Flush or F%@#ed: Pineapple Burgers at the High and Low End
We know it sucks. In May, the U.S. Department of Labor reckoned the jobless rate in the S.F.-Oakland-Fremont area at 9.7 percent -- call it a leading indicator of all those steak-frites and dirty martinis not being consumed in local restaurants, either by those of us recently hustled out by security (with desk swag hastily tossed into a banker's box), or those of us scared spitless we'll be next. To help, we thought we'd offer a high-low guide to some of our favorite dishes in the city: a relatively pricey version for when you're flush, and a lower-cost option for when you're f%@#ed.

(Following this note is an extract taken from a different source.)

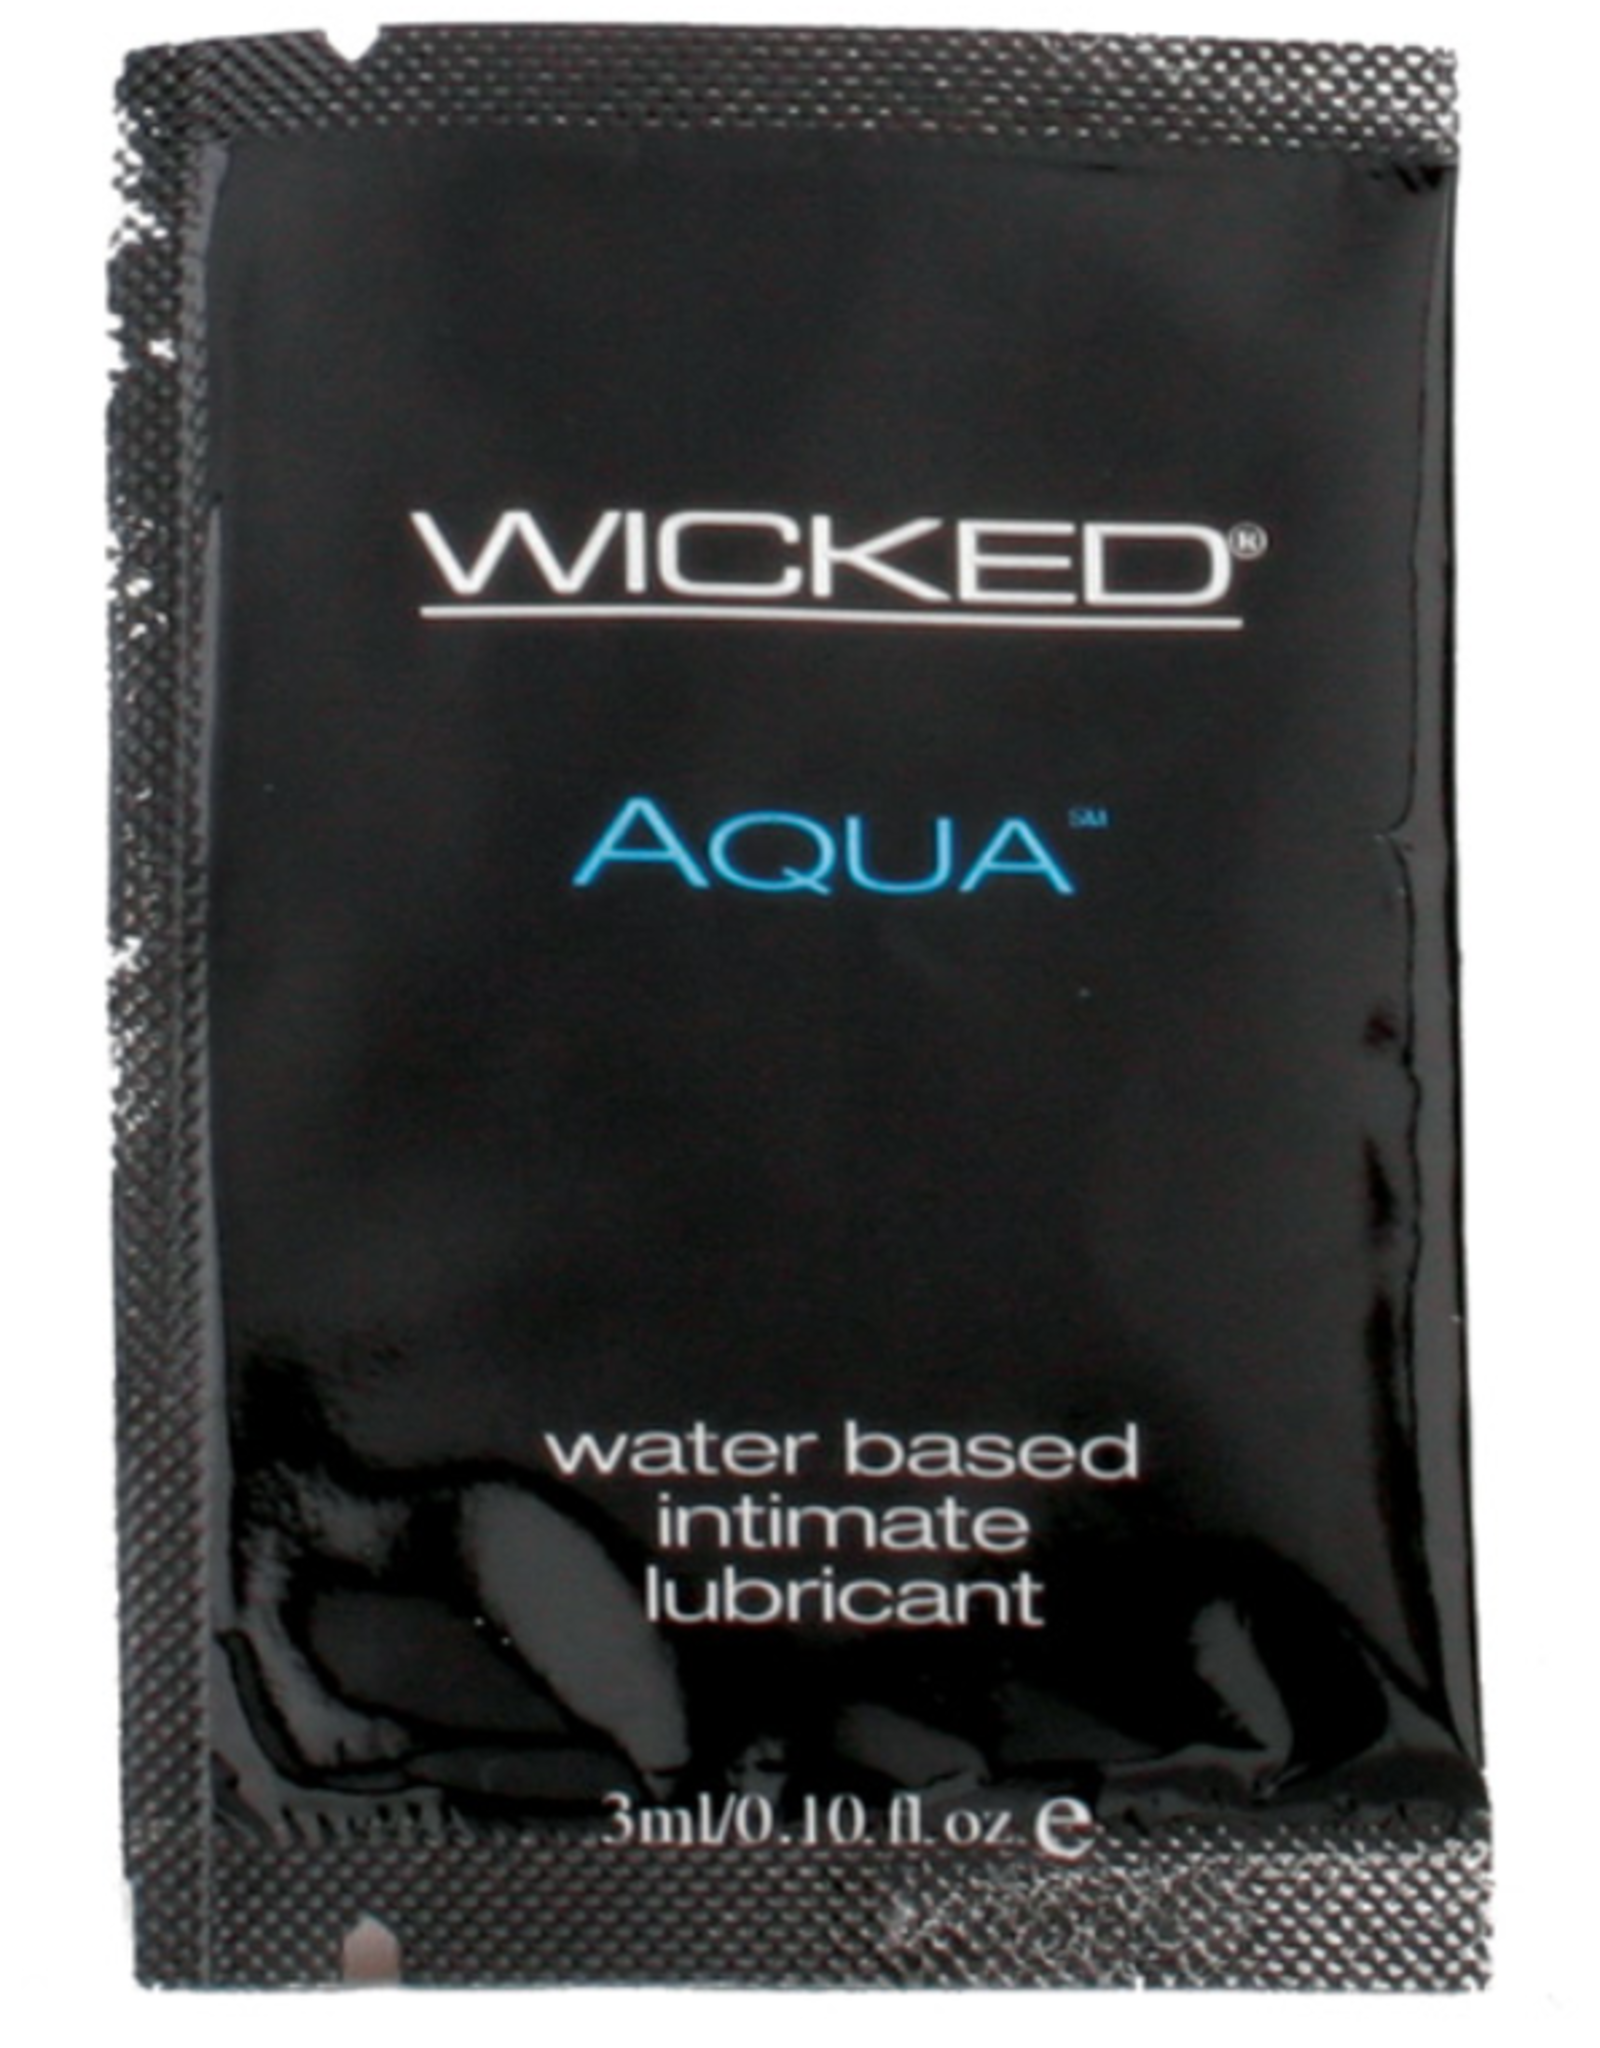 Wicked Sensual Care Aqua Water Based Lubricant - .1 oz Fragrance Free

We picked a budget simulacrum that, if you strolled into an EDD office munching one, wouldn't cause some petty bureaucrat to look over her glasses at you. Except maybe with envy. First up? A pineapple burger smackdown.

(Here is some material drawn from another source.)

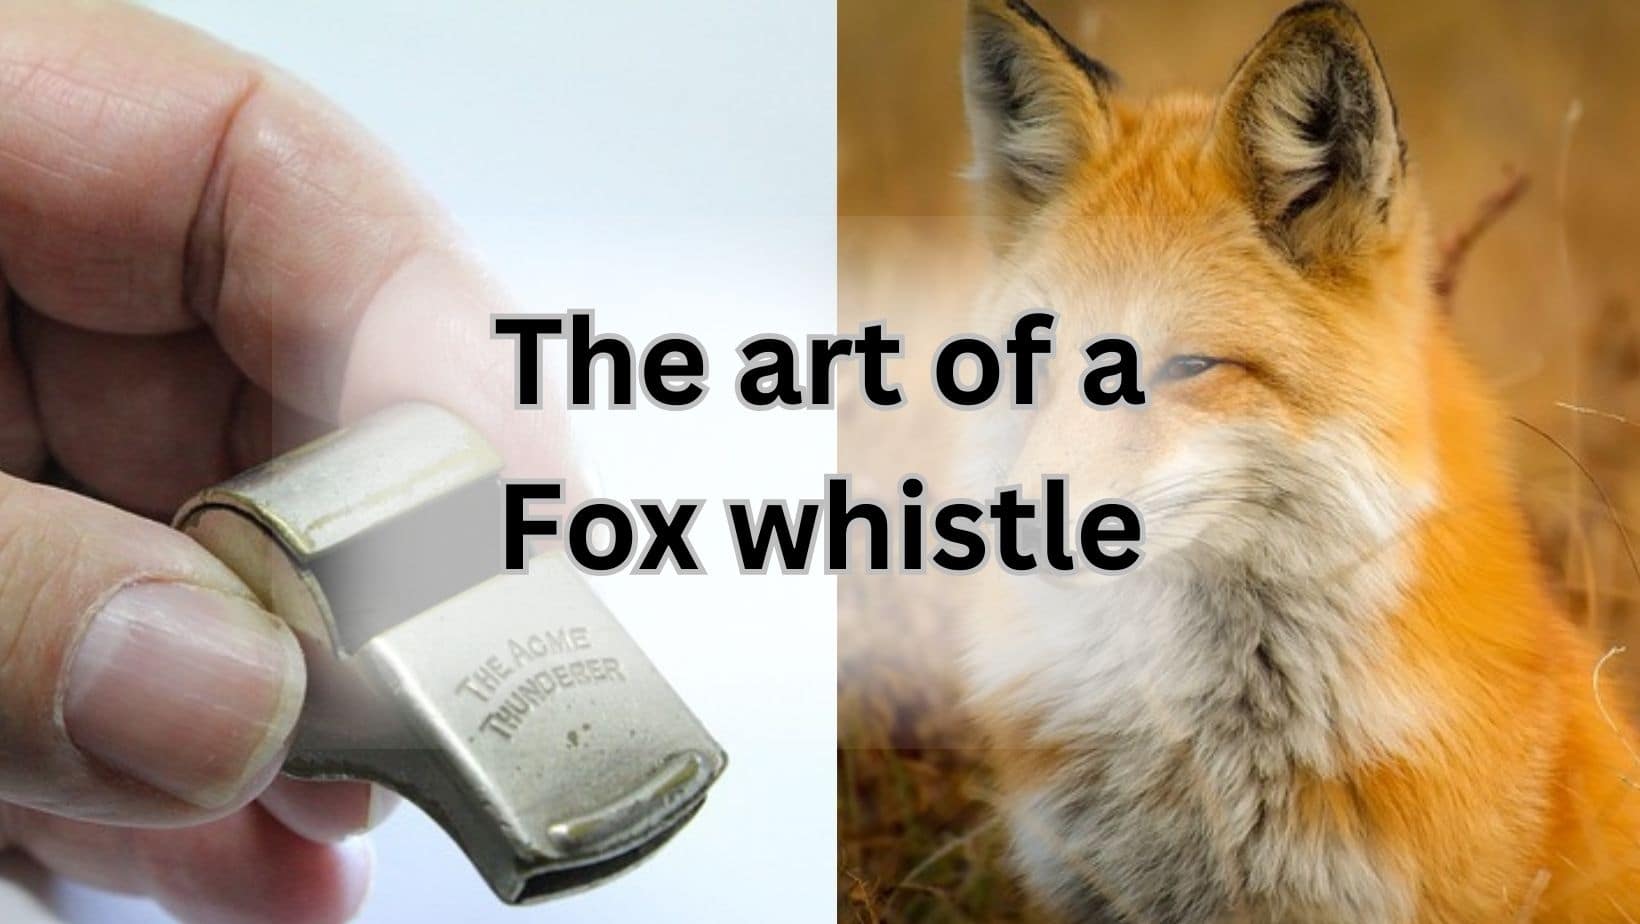 Fox whistling

Tiny South serves up Aussie and New Zealand flavors designed by Sydney super chef Luke Mangan. His burger offers a big taste of Ozzie-size deliciousness, starting with high-grade beef from pedigree cows raised Down Under. It's a plush, loosely packed patty, topped with gooey Crescenza cheese, pineapple (pickled with white wine and vinegar, sugar, curry, chiles, and herbs), and a leafy mix of mâche and cilantro. Comes with salty, crisp-on-the-outside, fluffy-on-the-inside steak fries. Nice.